Good friends, good books and a sleepy conscience: this is the ideal life. ~Mark Twain

Tuesday, March 8, 2011

The Saffron Kitchen by Yasmin Crowther

I have loved all the books and movies I have read/seen from Iran. When I first read Pomegranate Soup I rushed out to buy the ingredients and people in my old apartment building still talk about the beautiful aroma that wafted around the 4th floor. (Okay I know this wasn't actually set in Iran but it was about an Iranian family!) When my bookgroup read Honeymoon in Purdah my friend and I wanted to get on the next plane over! And as for The Color of Paradise and Children of Heaven - well, they will always be the first foreign movies, along with Amelie and Life is Beautiful, that I recommend to people. Yes, I am very much a fan of Persia.
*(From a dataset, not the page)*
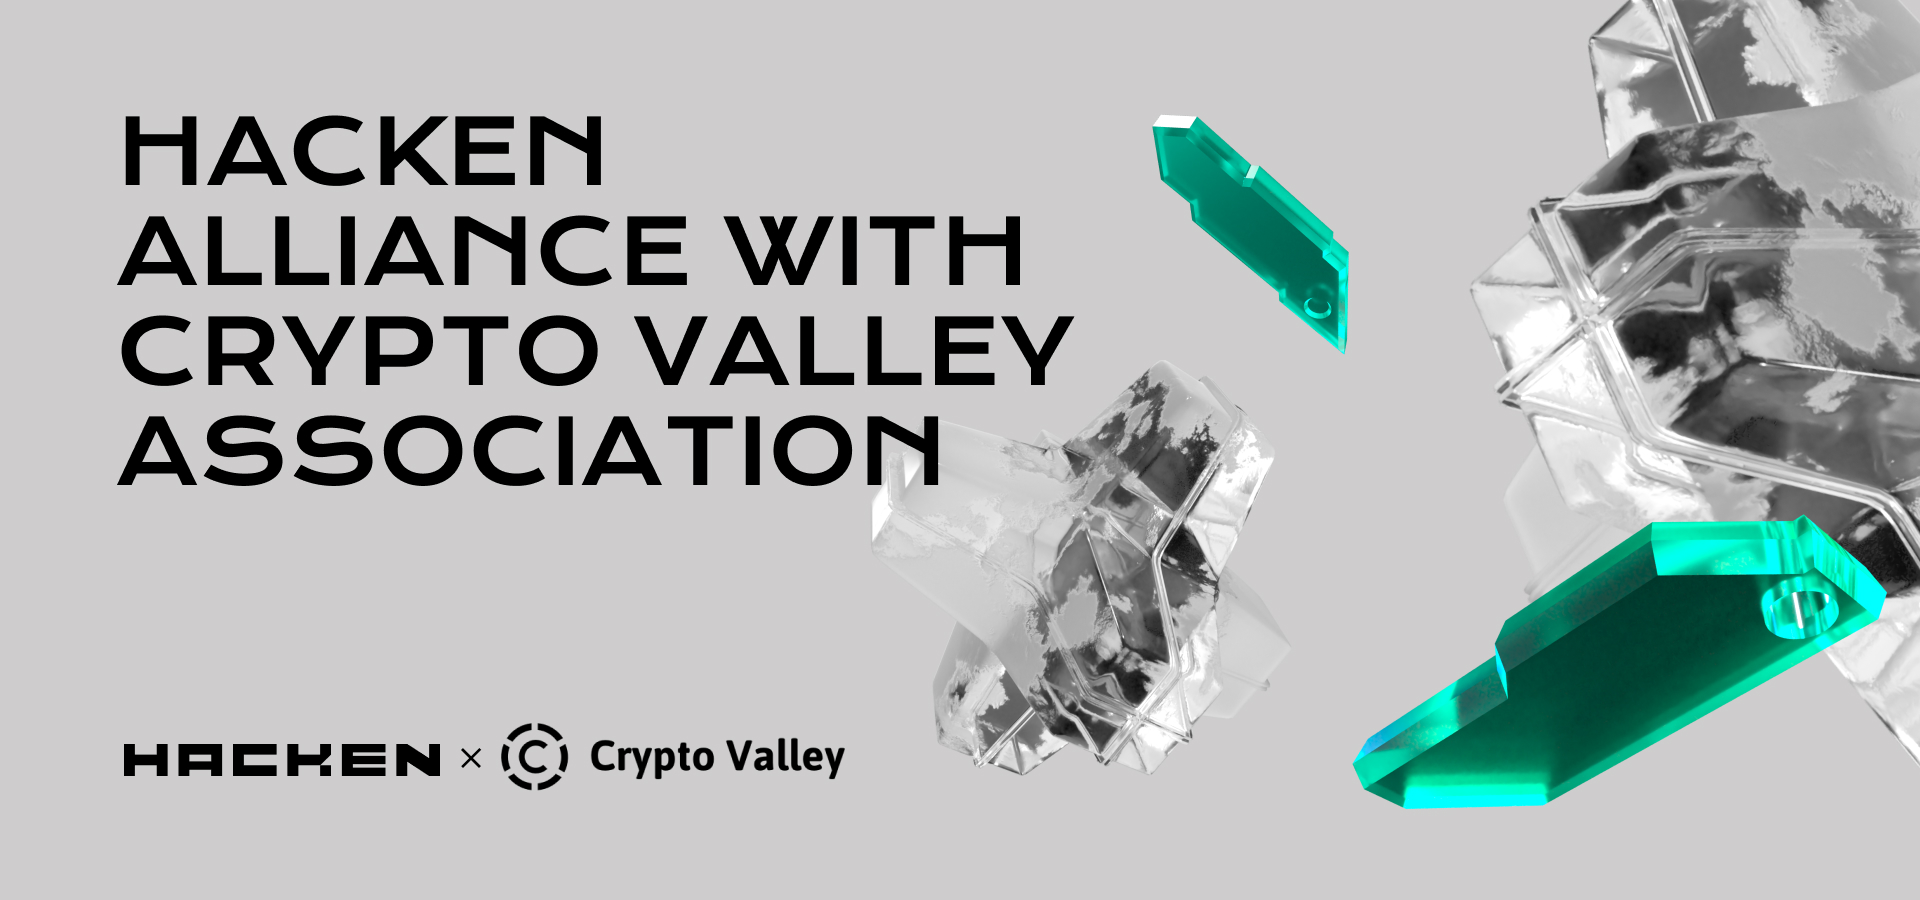 Hacken joins Crypto Valley Association

And this book didn't let me down at all. Within a few chapters the descriptions of food had me hunting for recipes of feta and mint tarts and checking to see if there were any Persian restaurants I could visit when I go away to the West Midlands next. My fascination with this country continues.

The main characters in the book are mother and daughter, Maryam and Sara. The story begins in London, with Sara miscarrying her baby whilst out with her mother and young cousin Saeed, who has come to live with his Aunty Maryam after his mother's death in Iran. Without giving too much away, after this sad event Maryam decides to return to the remote Iranian mountain village of her childhood. We learn the secrets of her past and how she came to leave Iran as a young woman in tragic circumstances. The story moves with ease from her childhood as the daughter of a general in the Shah's army,to present time Iran and London. The language is beautiful and the descriptions are so vivid. I could almost see the brightly coloured chadors and I've already mentioned the food!! The journeys, both mental and physical, Maryam and Sara take are dramatic and fraught at times but ultimately Sara is able to finally understand and, I think, forgive her mother. Admittedly it isn't a jolly book and if you are looking for a "And they all lived happily ever after" ending then this might leave you a bit wanting. But it is a gorgeous, thought provoking, believable story that totally engrossed me. It's something I will definitely read again in a few years. Read and enjoy!


Anonymous said...

Pomegranate Soup is one of my favorites!! And this book sounds yummy!

china through my dutch eyes said...

I'm in the same boat :)
I so love reading books about Iran and films too. I always seem to choose films from Iran at the Rotterdam Filmfestival too. So I know what you mean. They all beam some special atmosphere! I'd love to travel there some day to see whether the country will do that 'live' as well ;). Pomegranate Soup was one of my favourites too. So I put this one to my TBR list again! Thanks!